Day 61 Bull Creek (Paola) –Mile 651
Nov. 3, 1838


Traveling six hours the party came to Bull Creek where a settlement of Wea Indians was located (near present day Paola, Kansas). The journal reports the Indians anxious to be finished with the journey and to meet with the Pottawatomi Indians already resettled there by previous removals. The mileage was not reported today but might best be calculated at 15 miles based on the locations of the two campsites and their travel of aqbout seven hours.

The journey would end tomorrow so the officers attempted to take a census of the Indians to satisfy the military’s record-keeping penchant. Tomorrow they would be reunited with other Indians and sorting out the exact number in the migration would be more difficult. They made little progress. The journal puts it this way: “During the evening an attempt was made to enroll the Indians, but not very successfully. They did not seem (or would not) to understand or appreciate the object.”

Tomorrow was Sunday and they had been promised no traveling on Sundays. The chiefs may have sensed Polke would try to travel on Sunday, or perhaps they caught wind of a discussion. Whichever, late on this Saturday evening several of the chiefs came to Polke requesting that the Sunday day-off promise be kept. Not only did they want to worship, they may have wanted to get cleaned up and prepared to meet their friends already at Potawatomi creek just eight or so miles ahead. Polke denied their request agreeing only to allow for a two-hour delay for their worship services.

AS FOR ME I returned from my week off with my wife anxious to finish the trail. Taking an redeye overnight flight and renting a car I drive to the trail where I left off and walked briskly south until past dark, down Rt. 169 an Interstate highway wannabe almost to Paola. Tuning to the car radio I heard of only a “slight” chance of rain so I left my tent in the car, chancing the final might on the trail would be clear.
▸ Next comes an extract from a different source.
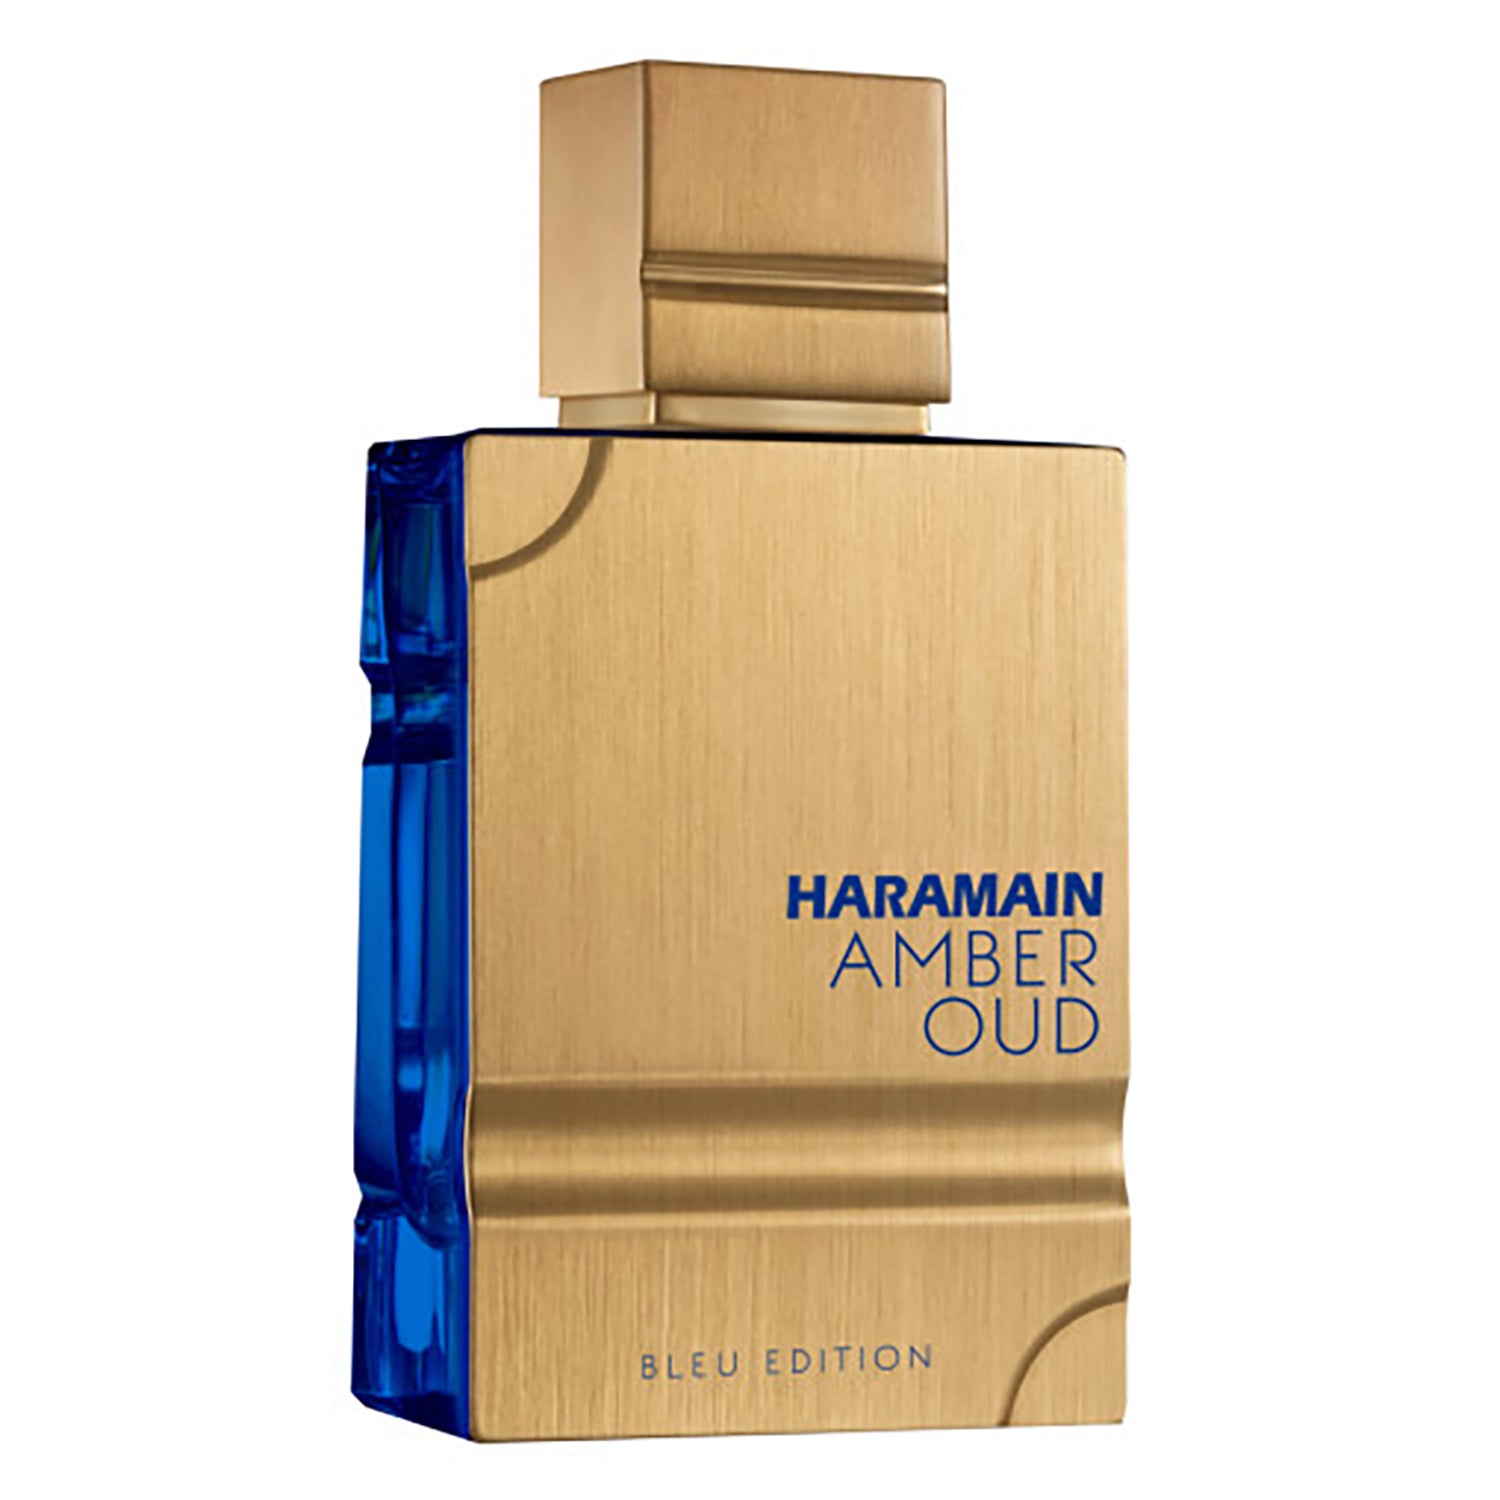 Al Haramain Amber Oud Bleu Edition Eau the Parfum Unisex

The “slight chance” gave me about an inch of rain in a one-hour downpour. Luckily I was near an exit and slipped under the protection of a drive-through portico of a day care center for rich kids at the far edge of suburban Kansas City. Sleepy from the airplane night I fell asleep on the concrete entryway awaking an hour later to clear skies and bright sunshine. Refreshed, I walked another eight miles making the total for the day almost 20 miles. I was as anxious as the Indians to be finished. I slept on still-wet grass near a tree nursery under open skies without my tent, crossing my fingers that there would ne no more rain.